**EXERCISE PROMPT:**
Below is a listing with pictures. Repeat exactly the lines starting at the one holding "Mueller Lake and" and going on through the one holding "ONYX BOOX Magellan", and leave every picture out.

**RECORDED DATA:**

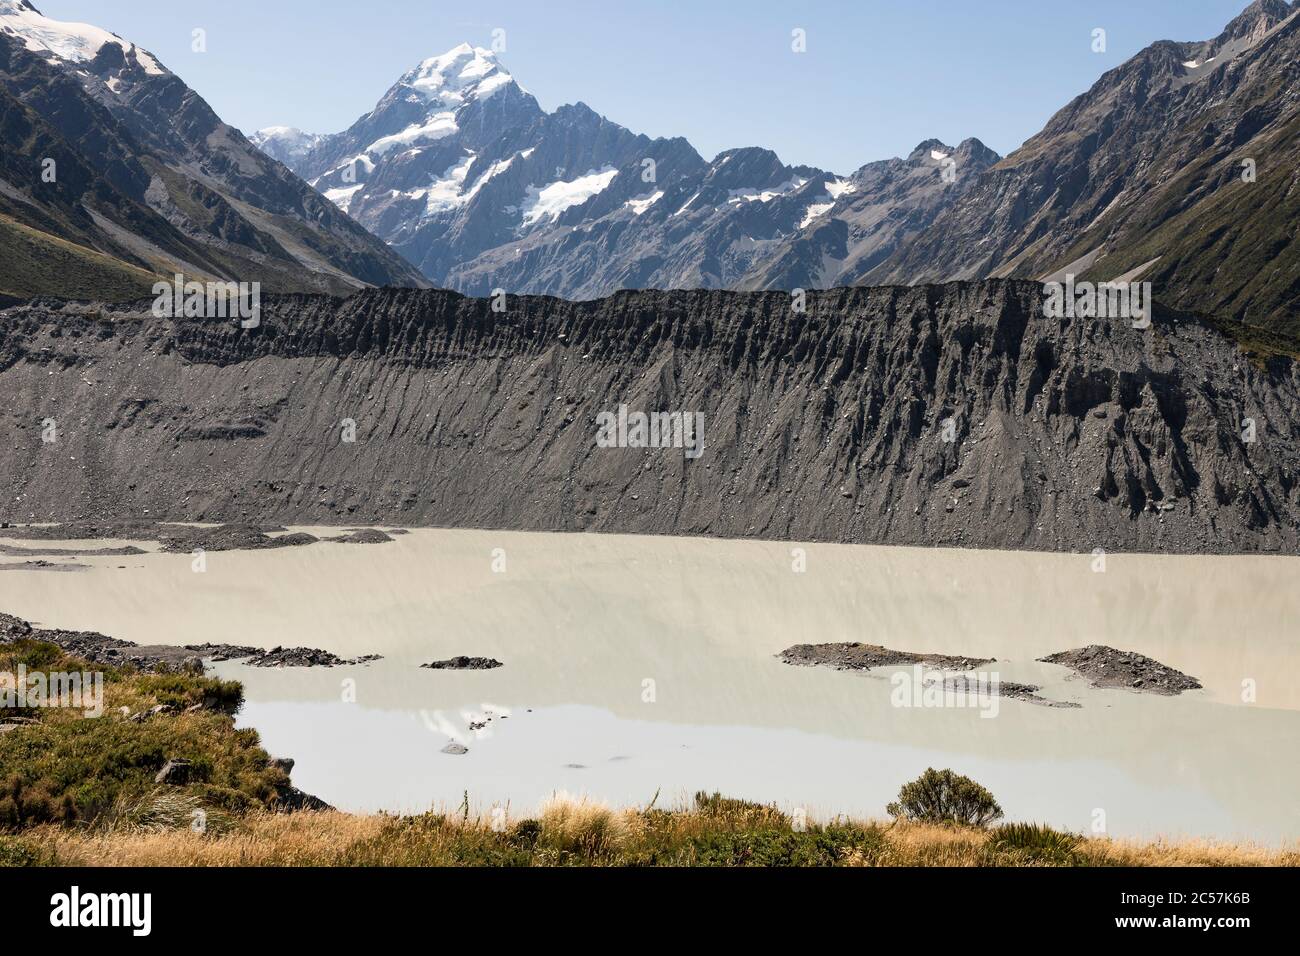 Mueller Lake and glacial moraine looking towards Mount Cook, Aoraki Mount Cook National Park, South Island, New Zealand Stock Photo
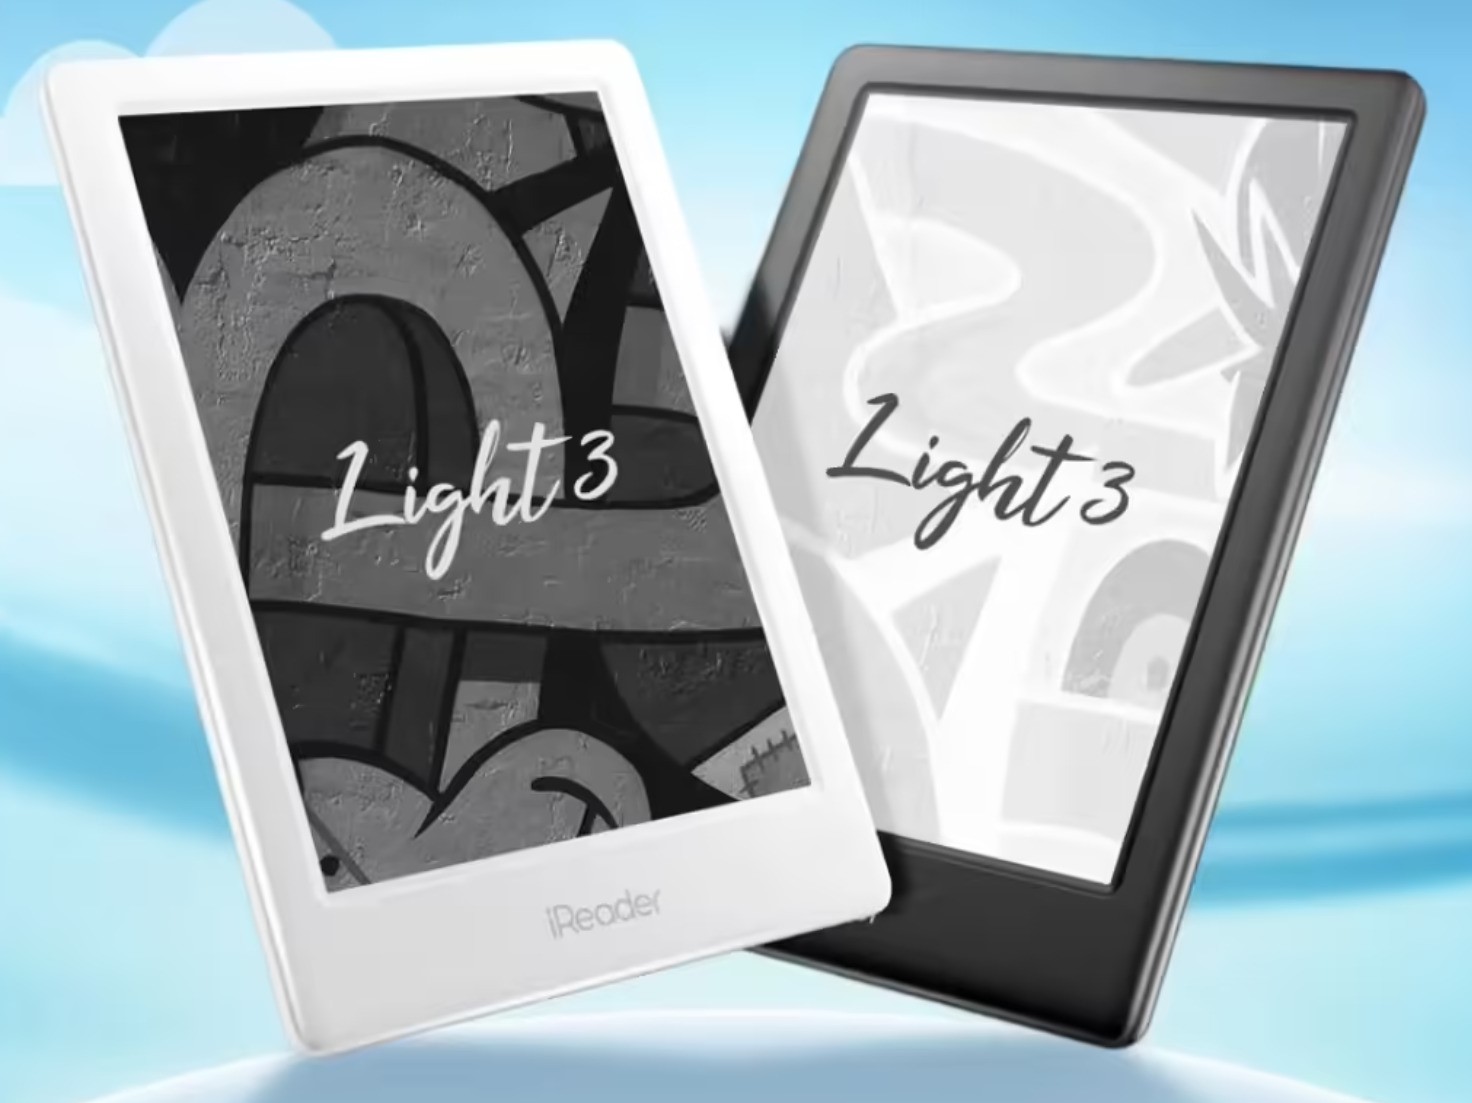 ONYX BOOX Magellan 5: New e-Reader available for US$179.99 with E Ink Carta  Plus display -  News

---

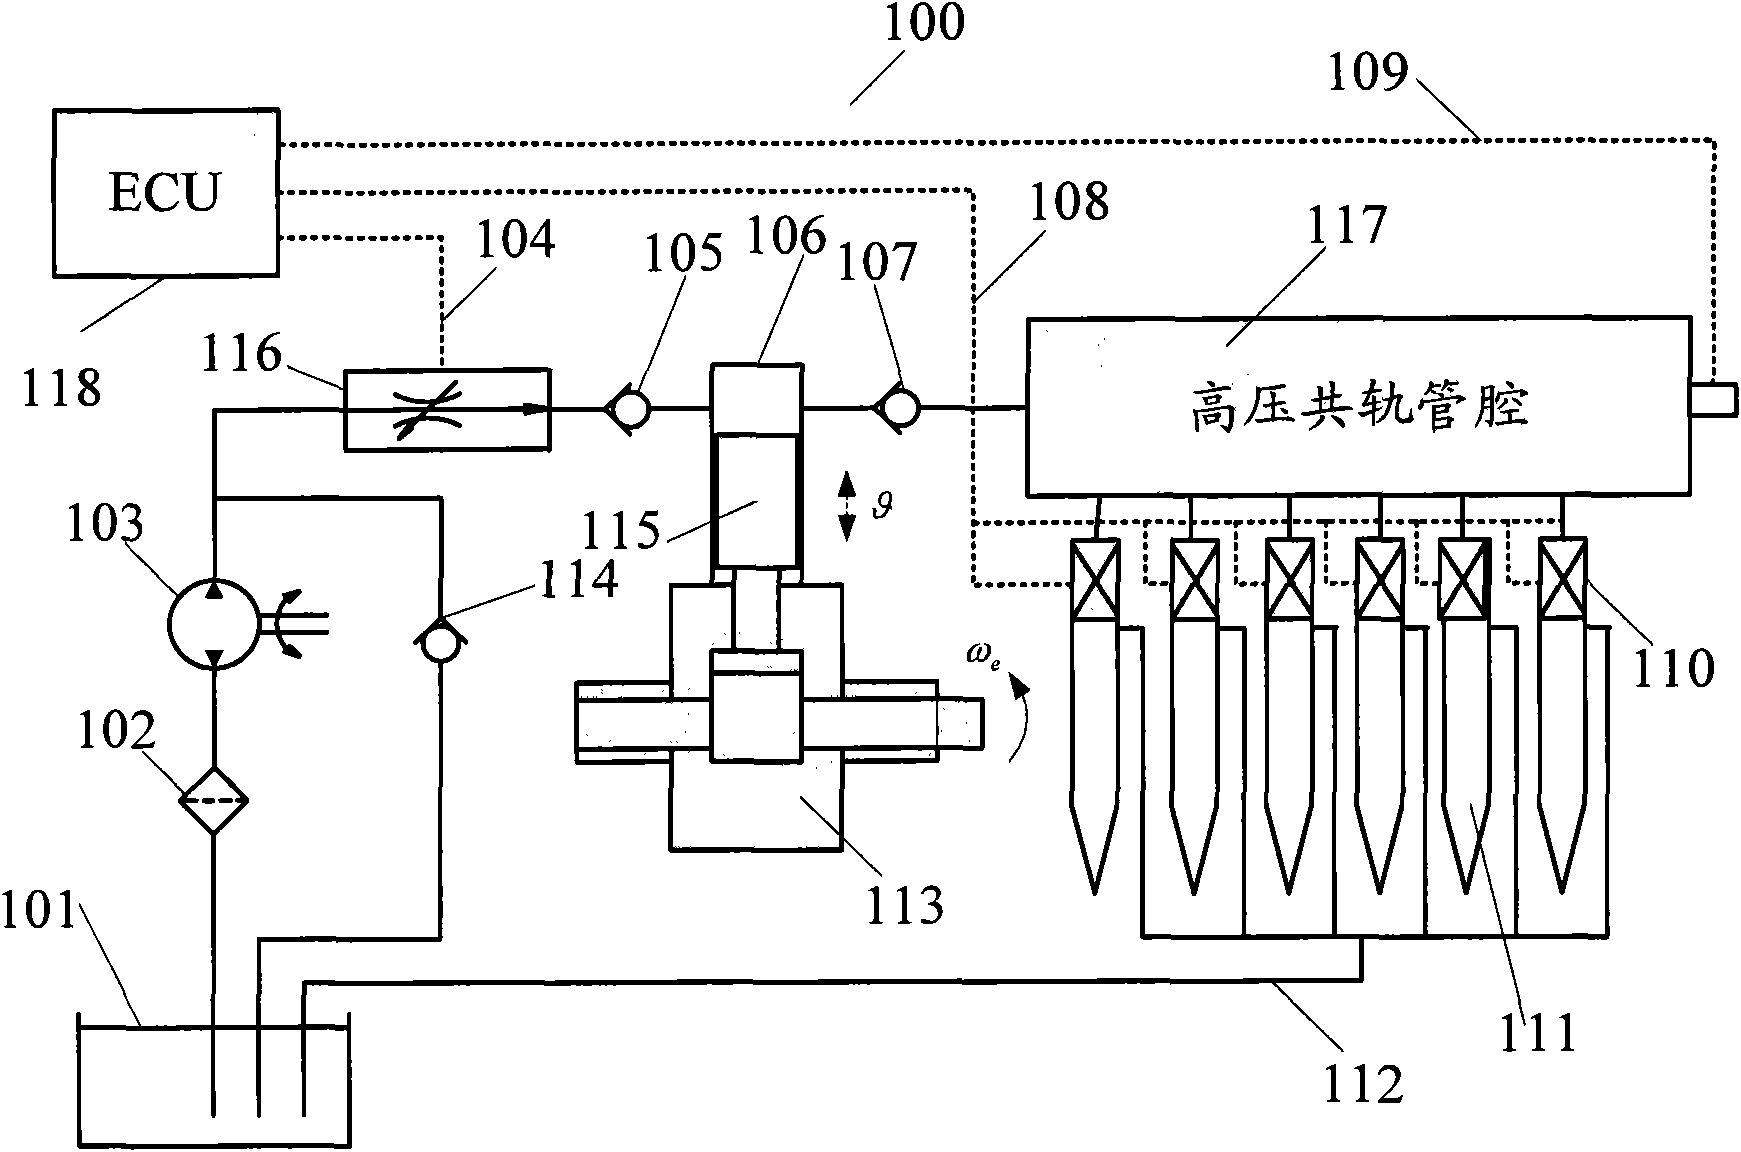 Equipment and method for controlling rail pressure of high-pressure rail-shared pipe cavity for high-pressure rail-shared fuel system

**EXPECTED ANSWER:**
 Mueller Lake and glacial moraine looking towards Mount Cook, Aoraki Mount Cook National Park, South Island, New Zealand Stock Photo
 ONYX BOOX Magellan 5: New e-Reader available for US$179.99 with E Ink Carta  Plus display -  News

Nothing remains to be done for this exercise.